If the OSP is served with such a subpoena after or at the same time as a valid takedown notice, under Part (h)(2)(A) it must expeditiously provide the information required by the subpoena.

In 2003, the RIAA appeared to be seeking subpoenas and serving takedown notices which did not comply with these requirements, notably using the subpoena provisions for 512(a) situations, which do not provide for them.

On 20 December 2003, the DSL ISP Verizon prevailed on appeal in its case seeking to prevent the use of this section for transitory network communications, the decision reversing a court order to supply customer details. [22] The appeal decision accepted the argument that the key distinction was the location of the files, with this section applying only when the material is stored on equipment controlled by the OSP. However, in response, RIAA member labels turned to a different method to acquire their desired information. They began suing multiple "Doe" defendants at a time and issuing third-party discovery subpoenas to ISPs for the customer details.

On 6 October 2003 Charter Communications became the first cable Internet provider to challenge the RIAA use of this provision, [23] when it filed for a motion to quash the subpoenas to obtain the identities of 150 of its customers. Although Charter Communications initially lost this motion and was forced to turn over the identities of the requested customers, a later appeal ruled that the motion to quash should have been upheld. [24]

§ 512(i) Conditions for Eligibility [ edit ]

Section 512(i) outlines the general requirements for a grant of immunity– OSPs must implement an account termination policy for repeat infringers, must inform their users of this policy, and must accommodate standard copy protection systems.

It is prudent for anyone receiving a notification for distributing allegedly infringing material to check the validity of the notice and remind their ISP, if appropriate, that the DMCA only requires action under this clause for valid notices of copyright infringement.

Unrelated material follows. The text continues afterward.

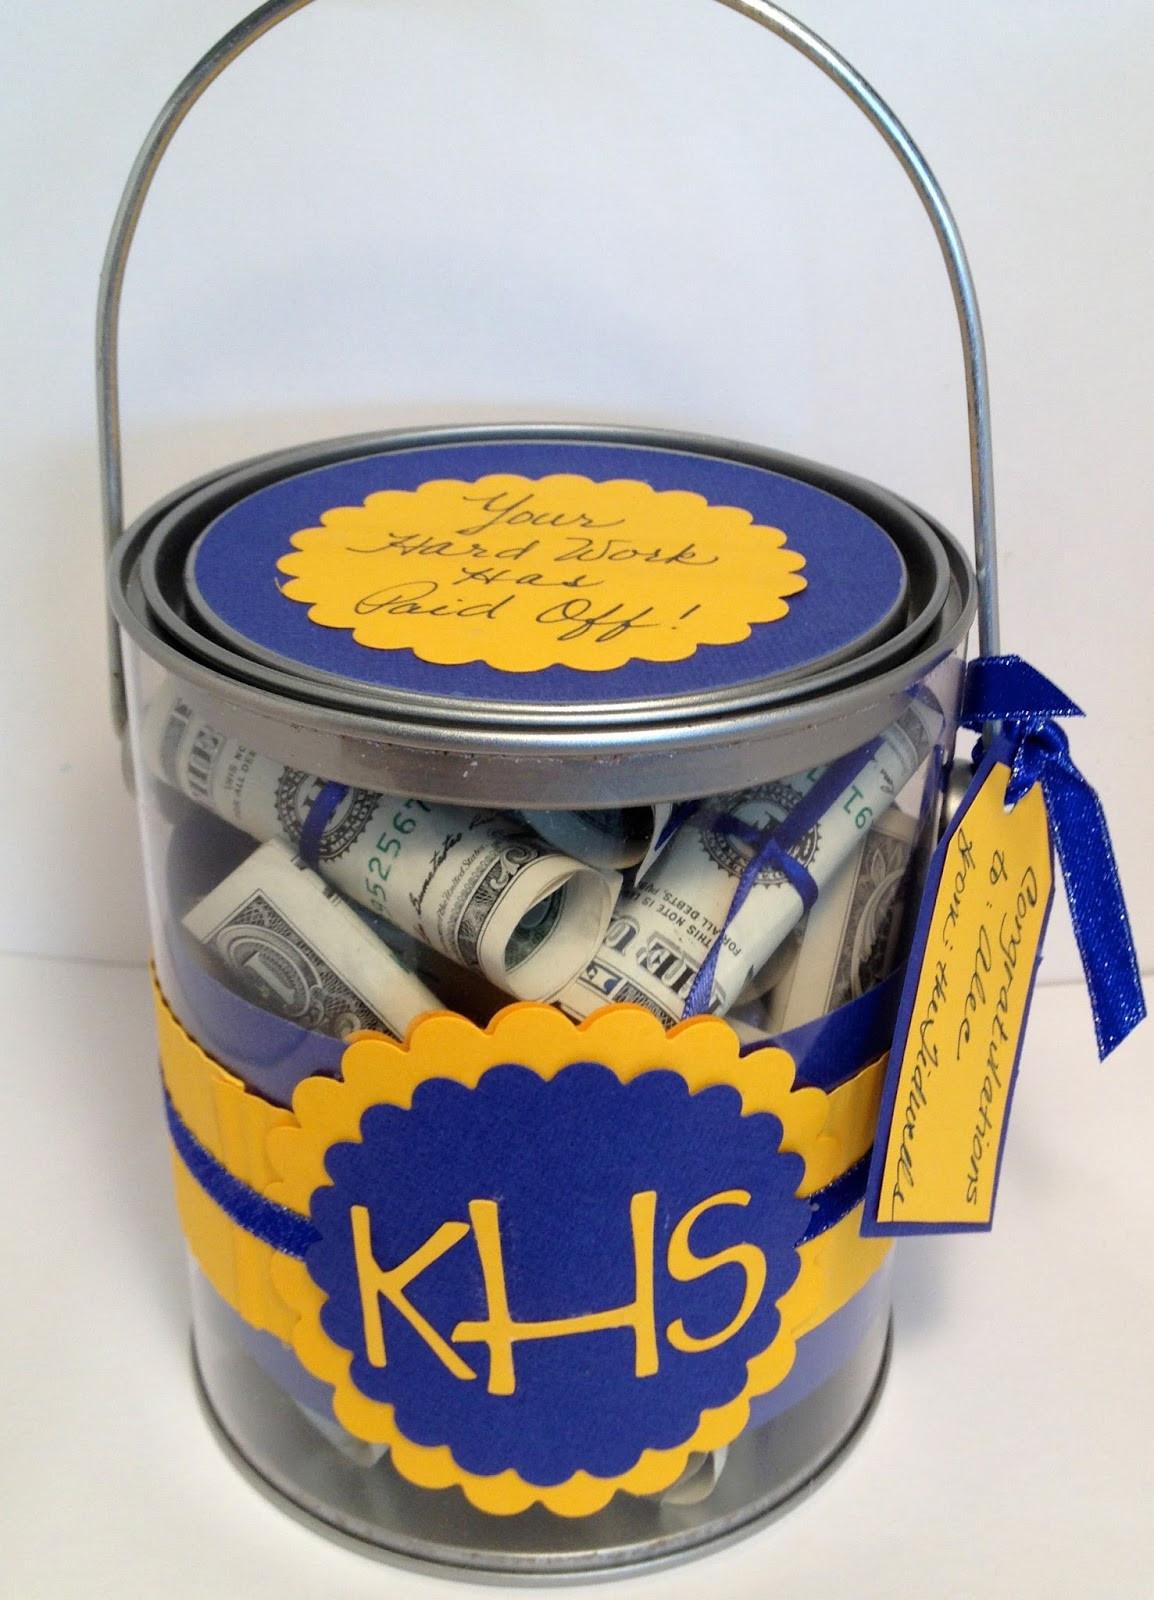 5Th Grade Graduation Gift Ideas For Boys  Artful Musings It s Graduation Time

On November 26, 2014 BMG Rights Management (US) LLC and Round Hill Music LP filed suit against Cox Communications claiming that Cox was ineligible for Safe Harbor under 512 (i) based on evidence provided by Rightscorp, Inc. [25]

§ 512(j) Injunctions [ edit ]

Section 512(j) describes the forms of injunctive (i.e. court order) relief available to copyright holders. Even though OSPs have immunity from monetary damages under Section 512, they may be compelled by copyright holders, in appropriate situations, to stop providing access to infringing material or to terminate the account of a particular infringer.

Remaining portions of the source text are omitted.